Reputation: 1424
I am trying to make regular expression for a String
shown blow coming in via TCP/IP socket.
$AVSYS,99999999,V1.17,SN0000103,32768*16
Each string should start with dollar sign $
and capital alpha character between 5 and 6 digits. They end with *
and 2 digits alphanumeric check-sum. Each fields is separated by comma ,
and can be any string.
I created a regular expression for it.
^\$[A-Z]{5,6}(\,.*)(\,.*)(\,.*)(\,.*)(\,.*)\*[\d\w]{2}$
I expected that it would match but it did not. I am not still familiar with regular expression even though I have read through Java doc. Please help for me to get correct regular expression.
I tried these two after I fixed my regular expression according to replies.
^\$[A-Z]{5,6}(\,.*)(\,.*)(\,.*)(\,.*)(\,.*)\*[\d\w]{2}$
^\$[A-Z]{5,6}(\,.*?)(\,.*?)(\,.*?)(\,.*?)\*[\d\w]{2}$
But I got the more result than I expected.

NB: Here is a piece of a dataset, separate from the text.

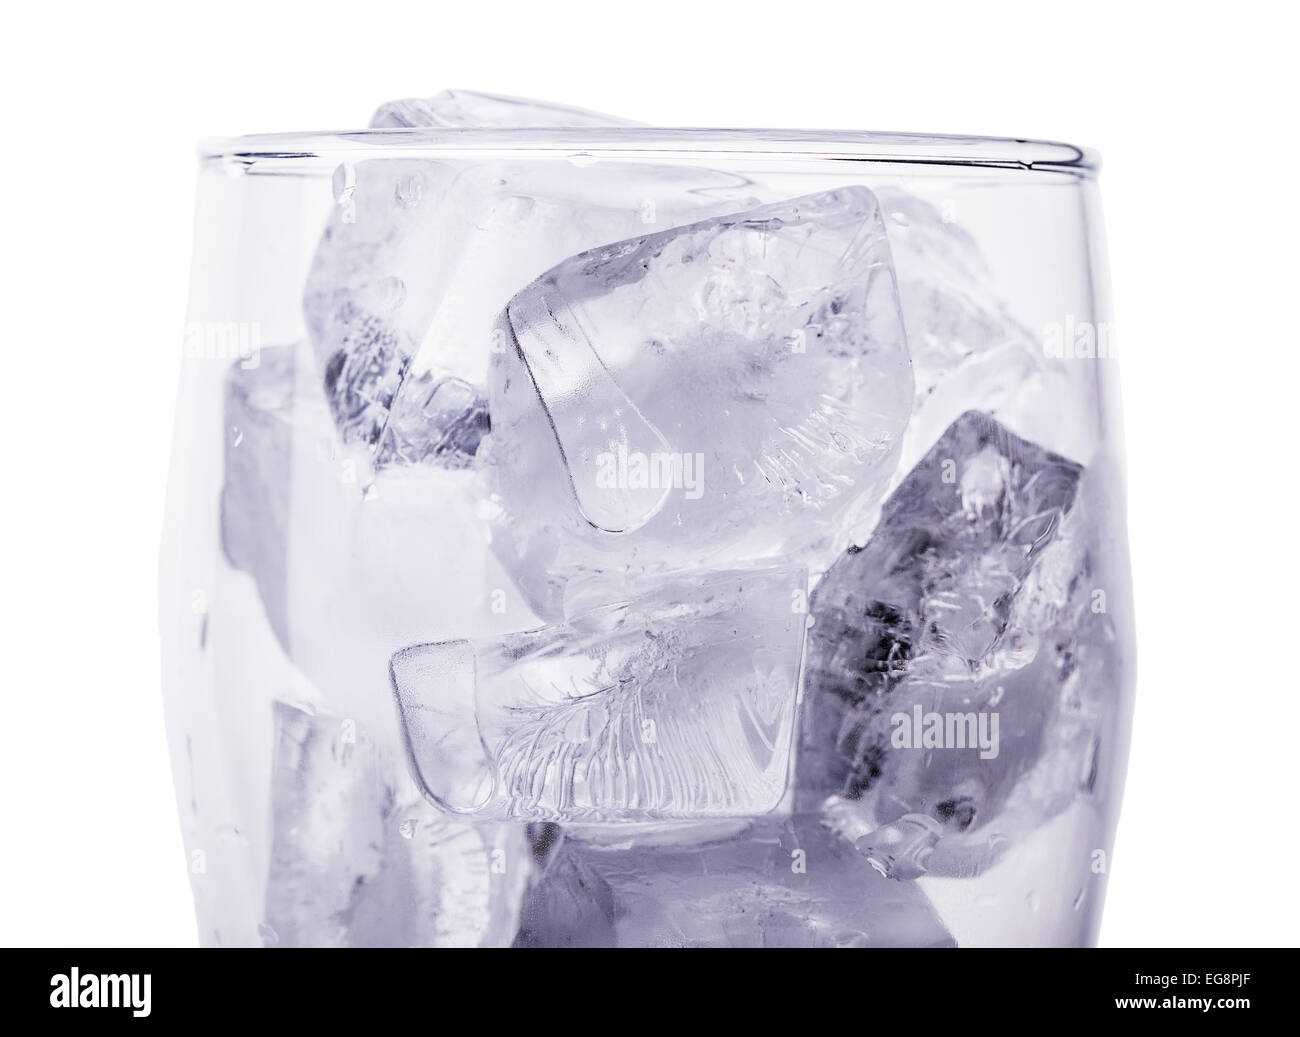 https://c8.alamy.com/comp/EG8PJF/ice-glass-water-isolated-white-drink-cubes-EG8PJF.jpg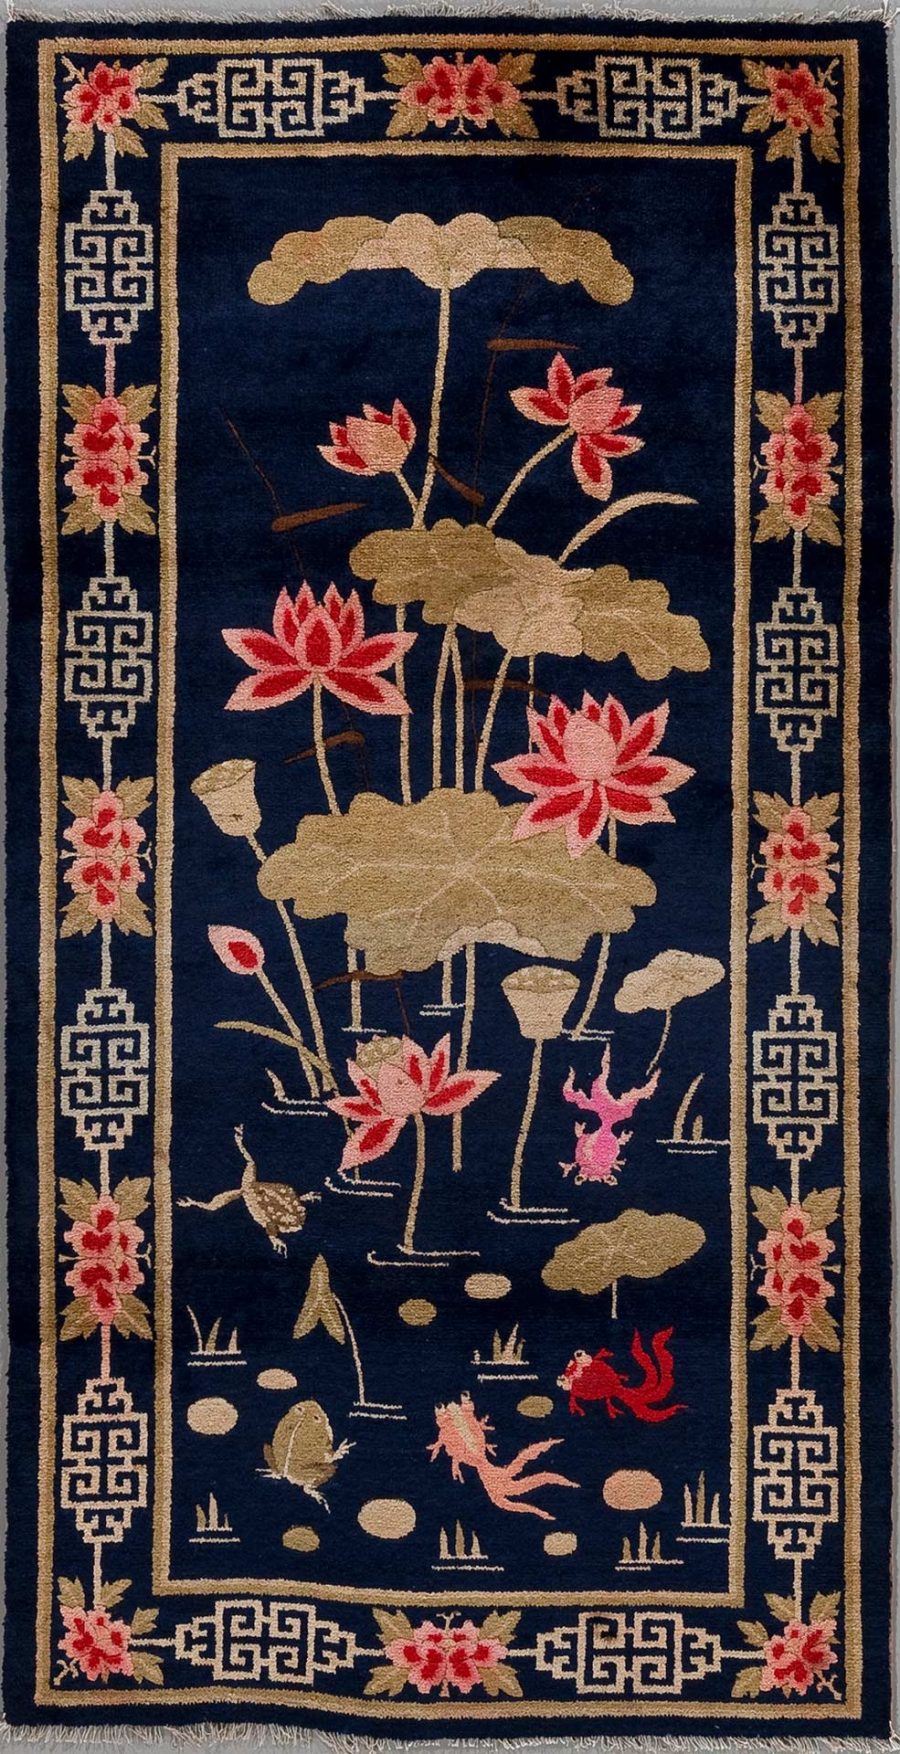 Orientalischer Teppich mit dunkelblauem Hintergrund und asiatischen Motiven, darunter Lotusblüten in Rosa und Beige, Seerosenblätter, sowie stilisierte Karpfen und Frösche in Pink und Beige. Umrandet von einem beige-blauen Rand mit griechischen Schlüsselmotiven und floralen Elementen in den Ecken.

$AVSYS,99999999,V1.17,SN0000103,32768*16
$AVRMC,80000551,144811,A,4351.3789,N,07923.4712,W,0.00,153.45,091107,A,,161,1*64
$AVRMC,80000551,144811,A,4351.3789,N,07923.4712,W,0.00,153.45,091107,A,,161,1,0,0*64
$EAVSYS,99999999,12345678901234567890,9057621228,,,*0B
Above sentences all match with the regexp.But I want to get just 1). How can I achieve this?
Upvotes: 1
Views: 186
Reputation: 3994
Your regex has an extra sub-group. This should work:
^\$[A-Z]{5,6}(\,.*)(\,.*)(\,.*)(\,.*)\*[\d\w]{2}$
On a side note, this should also work, but with a better efficiency as it would eliminate a lot of back-tracking; the '?' added makes the regex match in a non-greedy fashion.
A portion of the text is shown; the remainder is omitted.